┌─ Supplied material
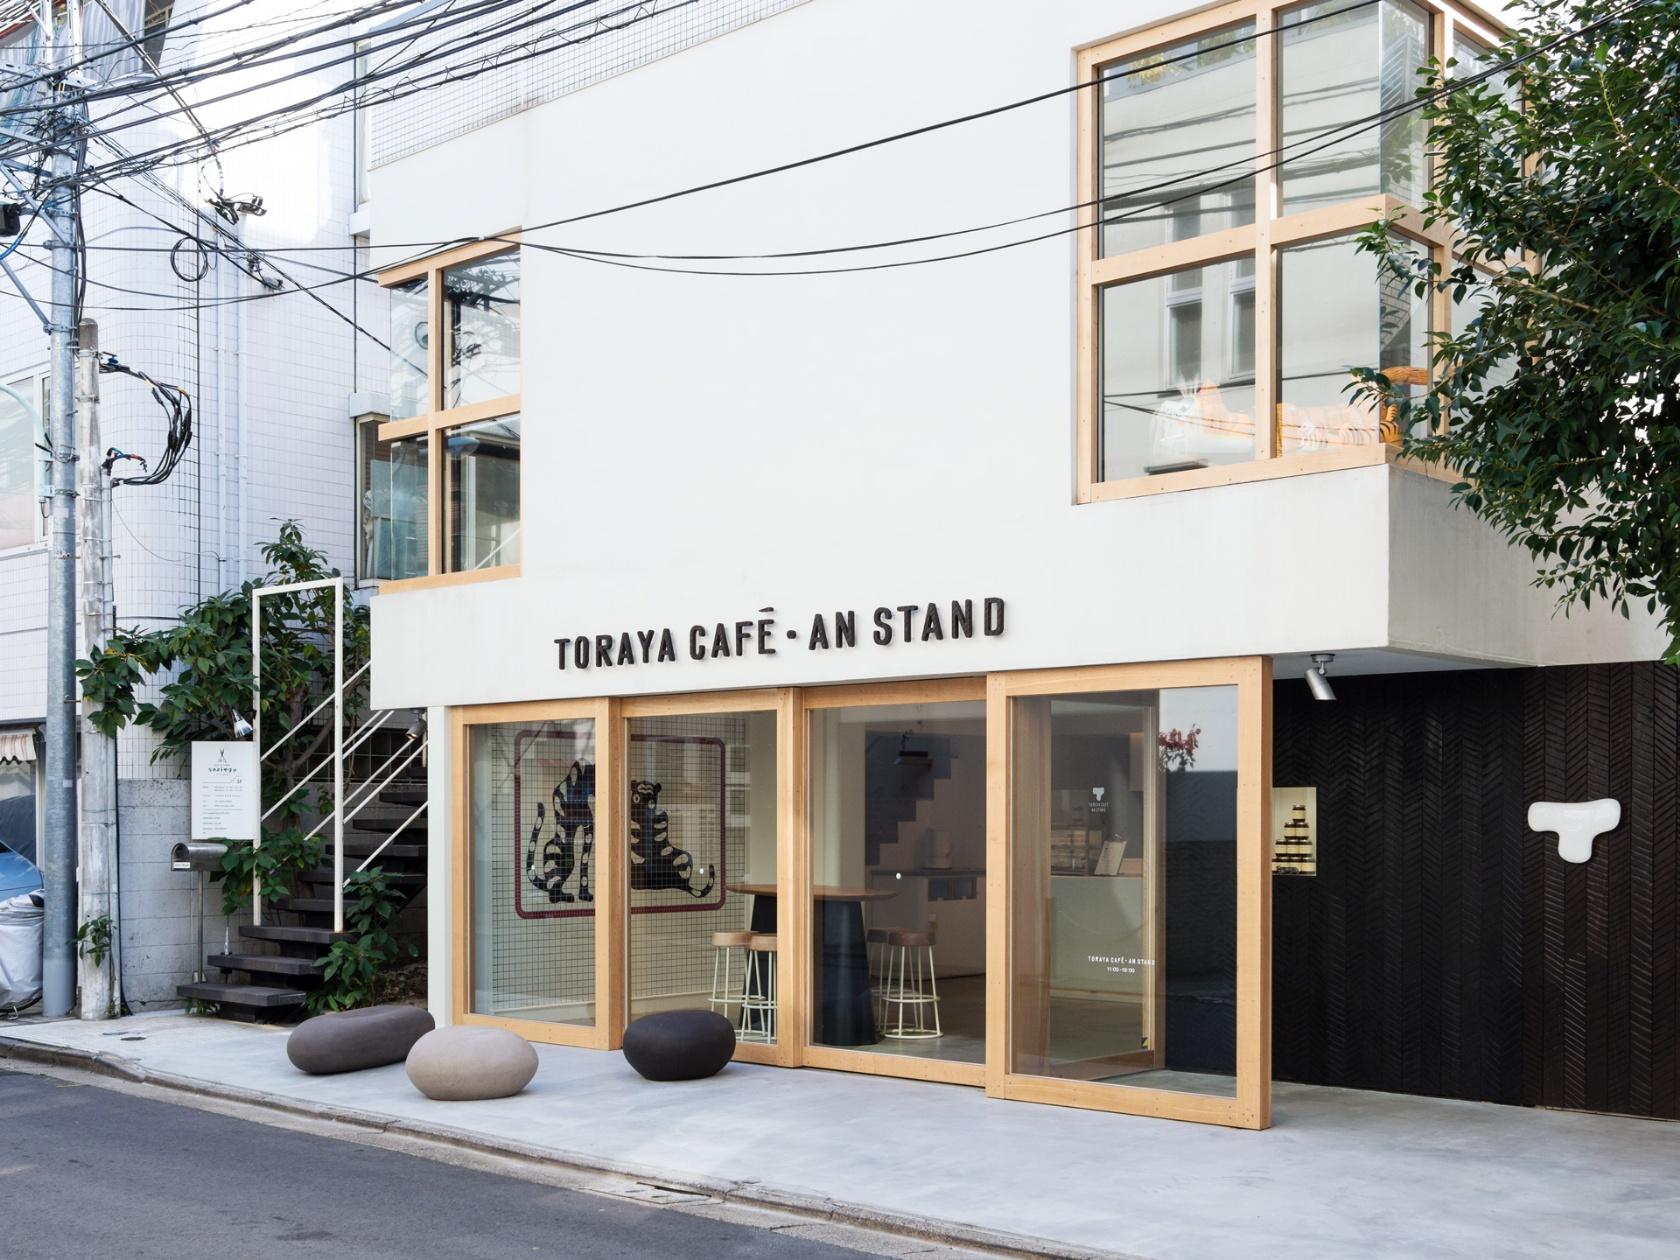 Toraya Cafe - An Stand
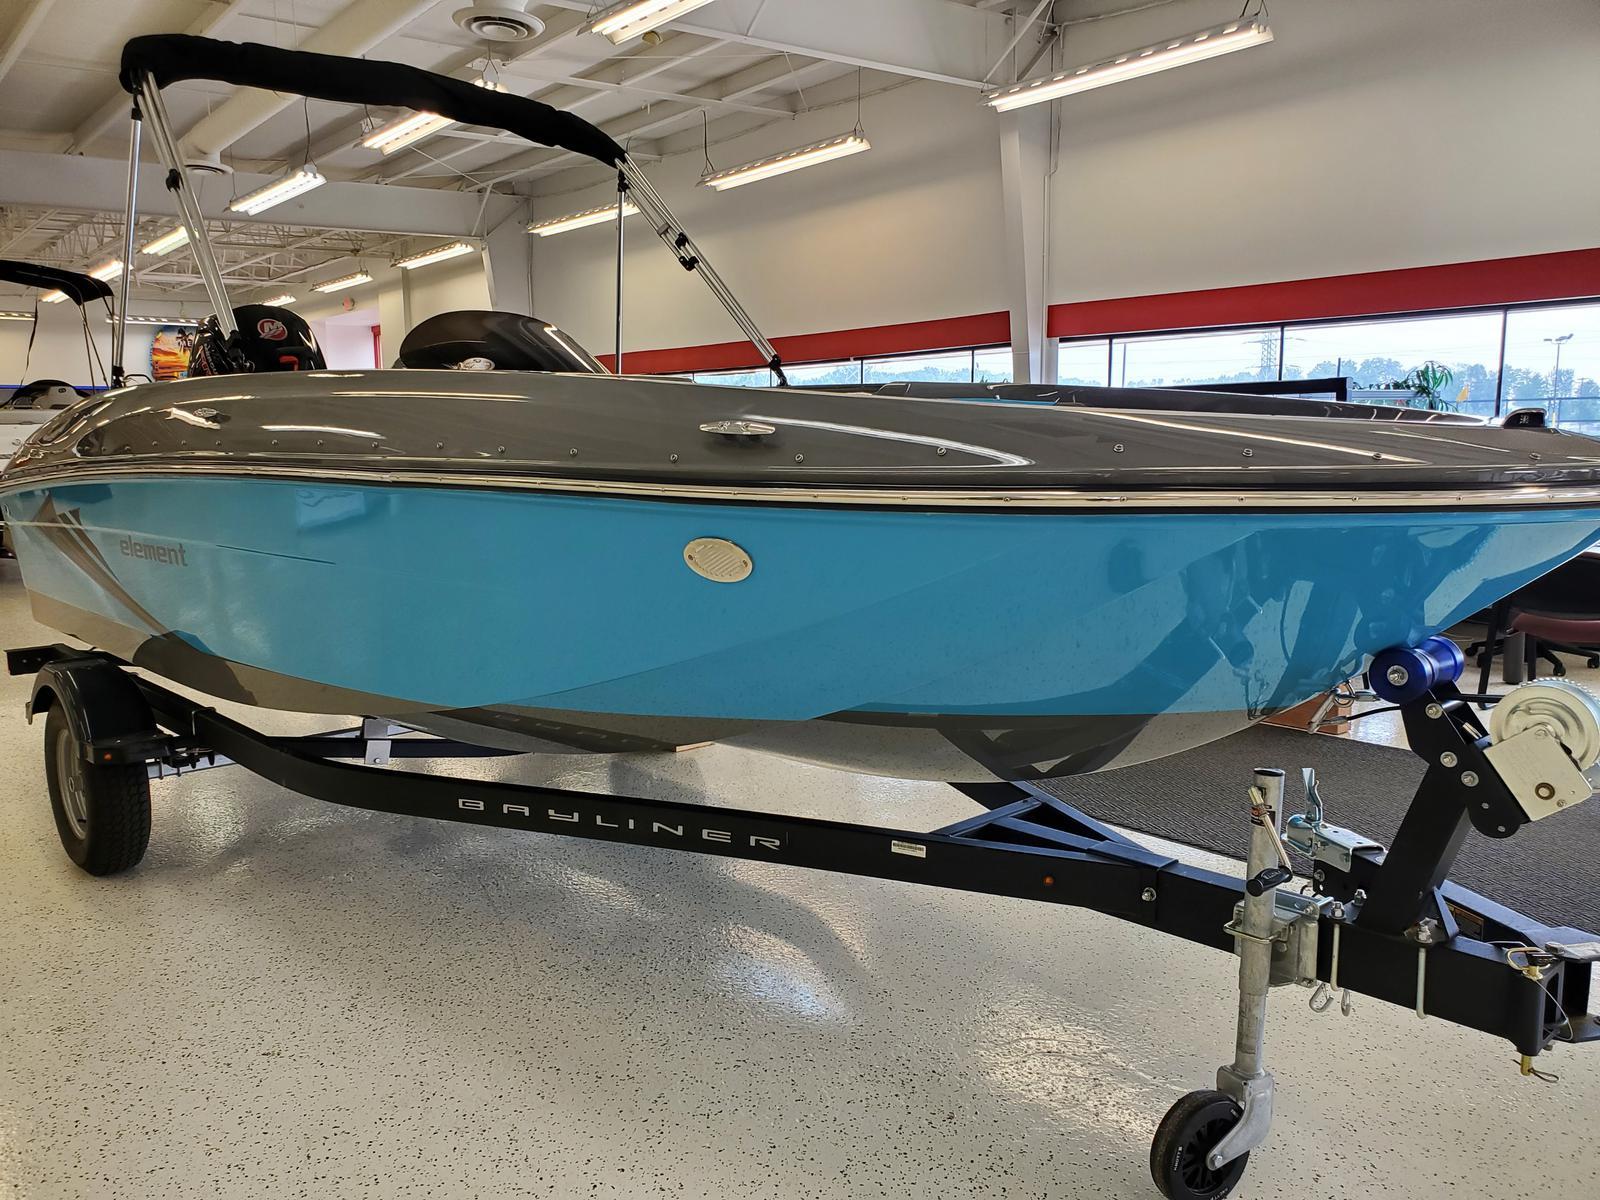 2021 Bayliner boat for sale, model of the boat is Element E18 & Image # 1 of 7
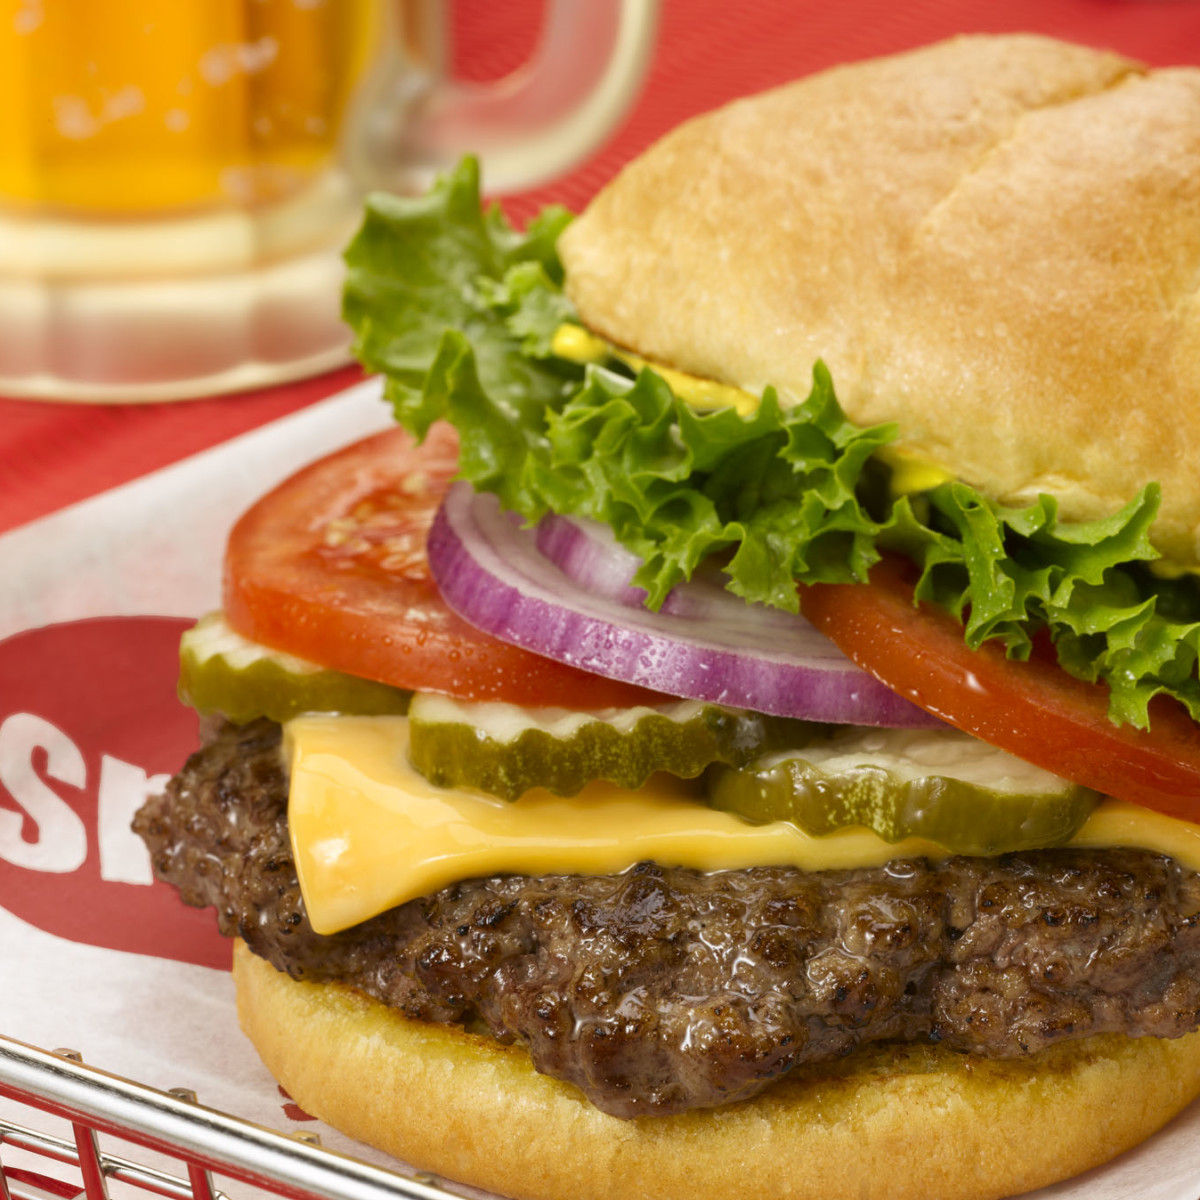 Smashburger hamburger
└─
Exactly as written, return each line above and leave the pictures behind.

--- Solved problem ---
 Toraya Cafe - An Stand
 2021 Bayliner boat for sale, model of the boat is Element E18 & Image # 1 of 7
 Smashburger hamburger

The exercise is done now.